TASK DIRECTIONS
Would you retype the whole listing verbatim, keeping pictures out of it?

RECORDED DATA
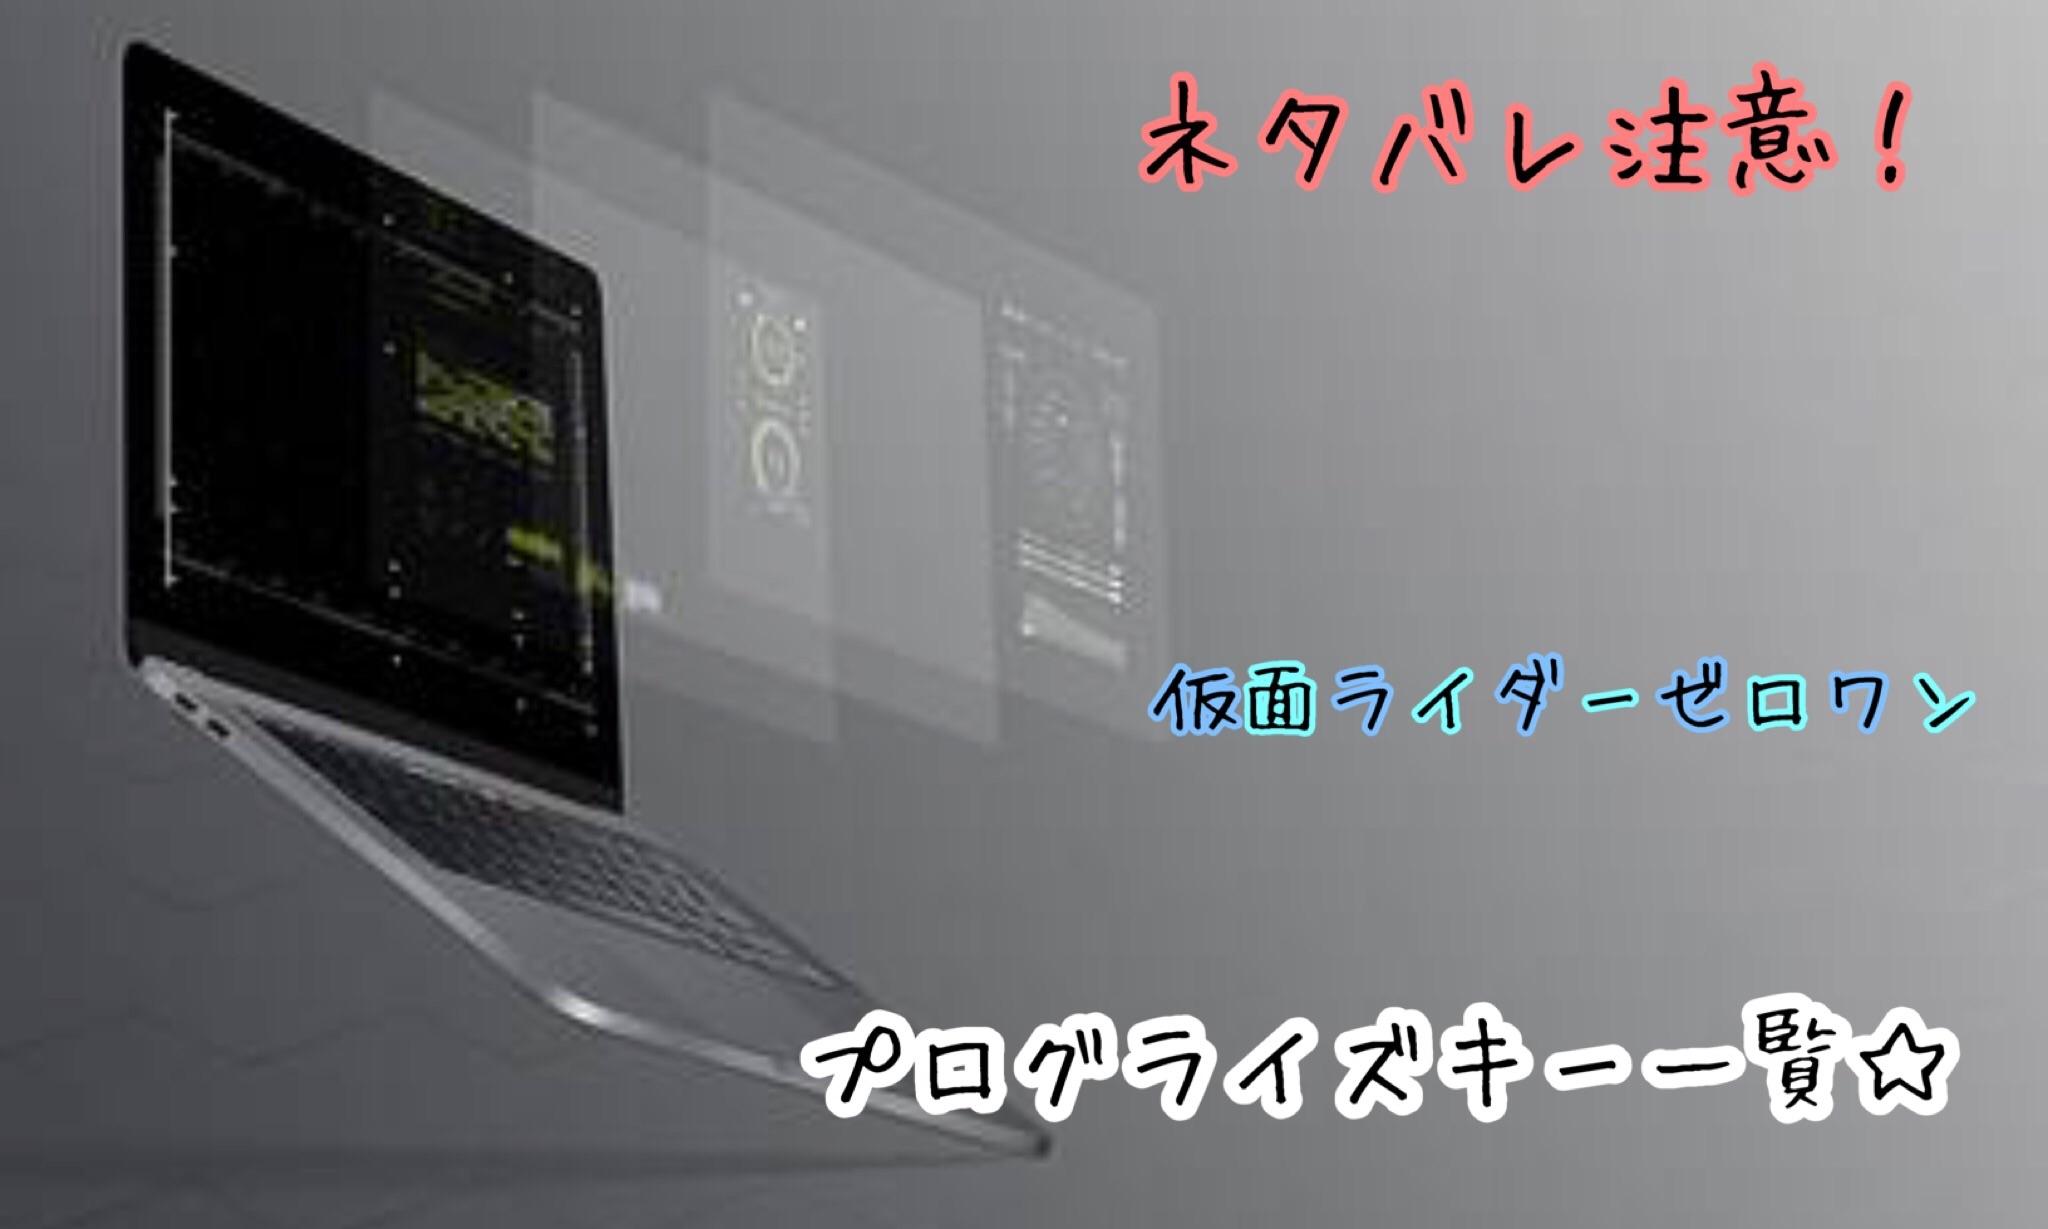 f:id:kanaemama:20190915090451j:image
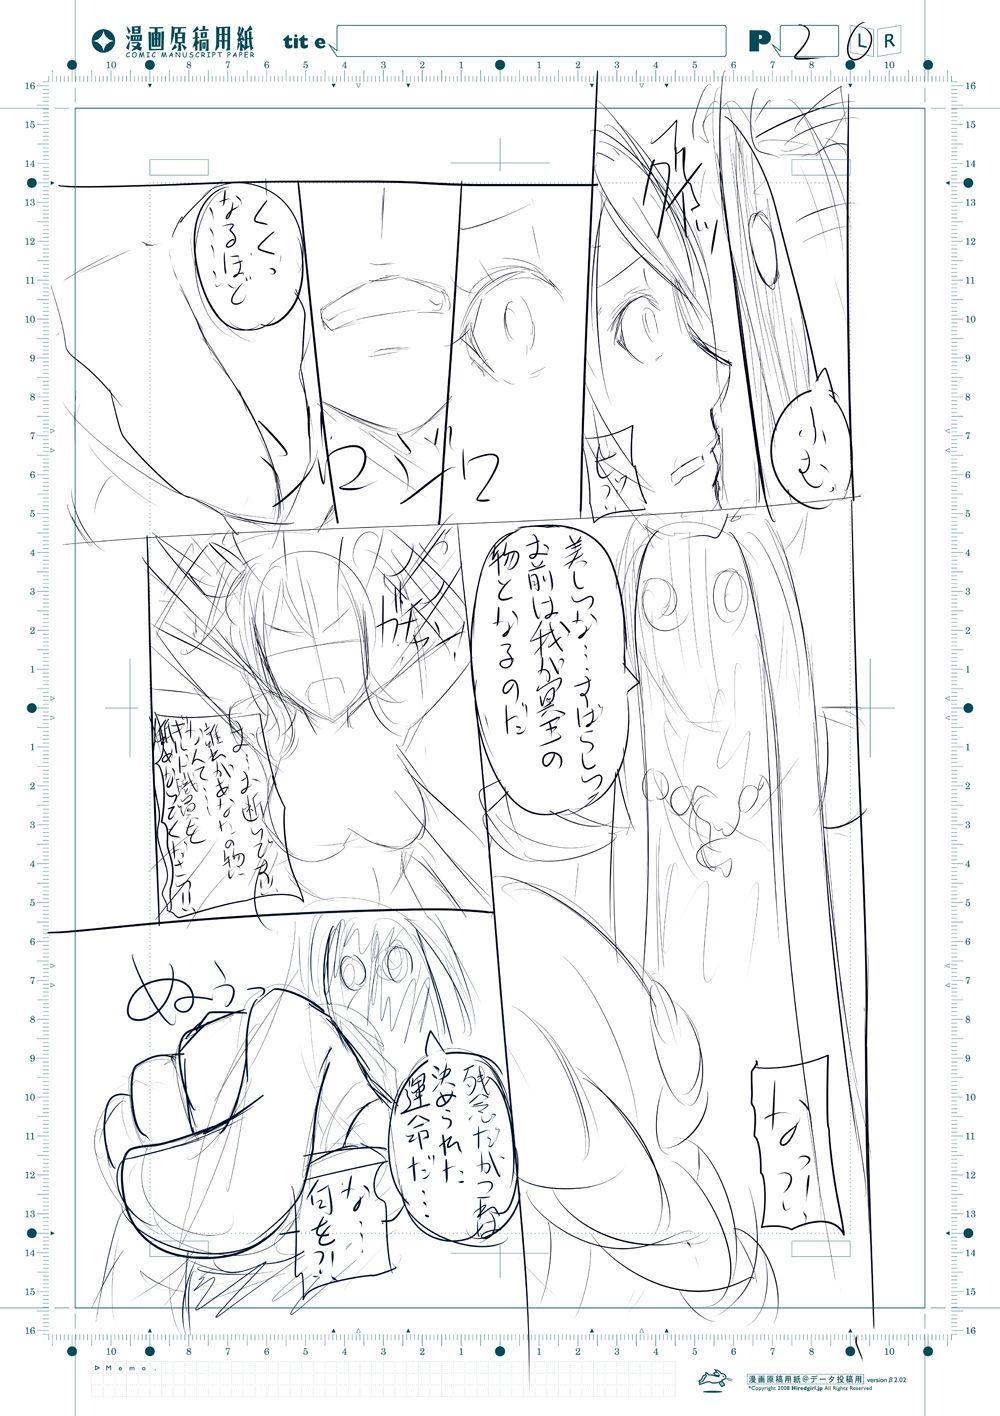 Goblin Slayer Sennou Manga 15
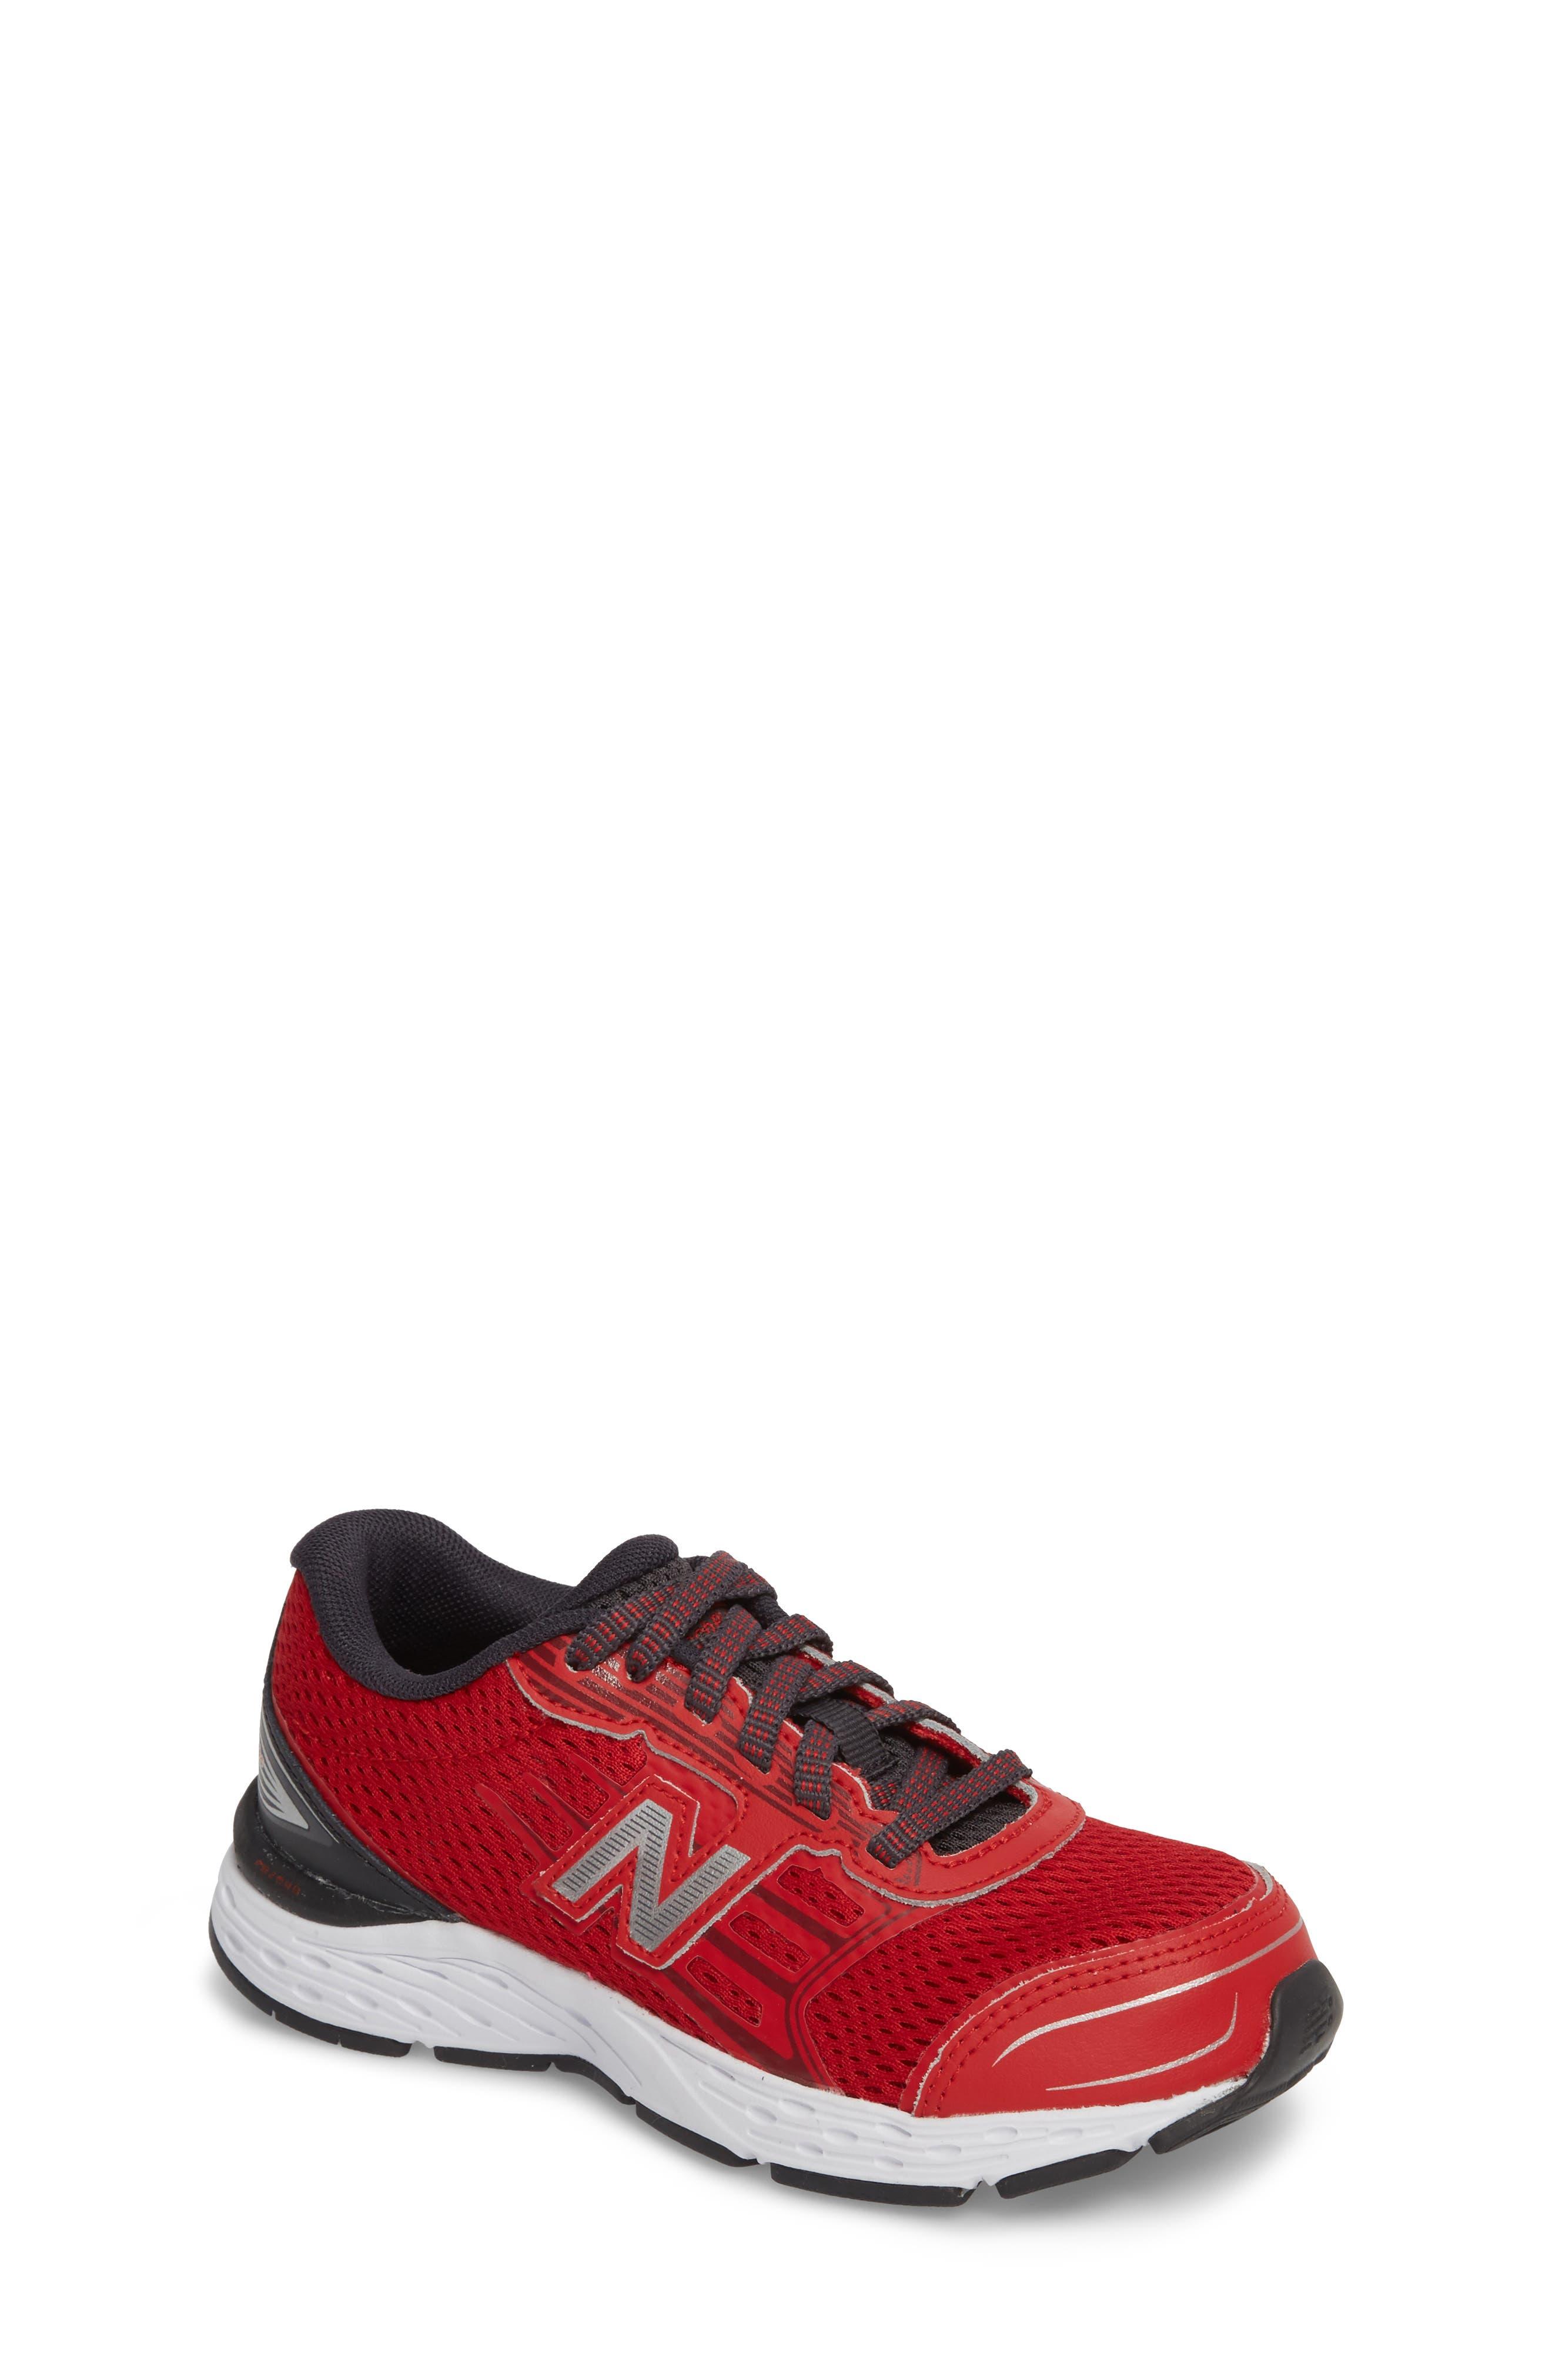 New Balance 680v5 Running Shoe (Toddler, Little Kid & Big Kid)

RESPONSE TO THIS TASK
 f:id:kanaemama:20190915090451j:image
 Goblin Slayer Sennou Manga 15
 New Balance 680v5 Running Shoe (Toddler, Little Kid & Big Kid)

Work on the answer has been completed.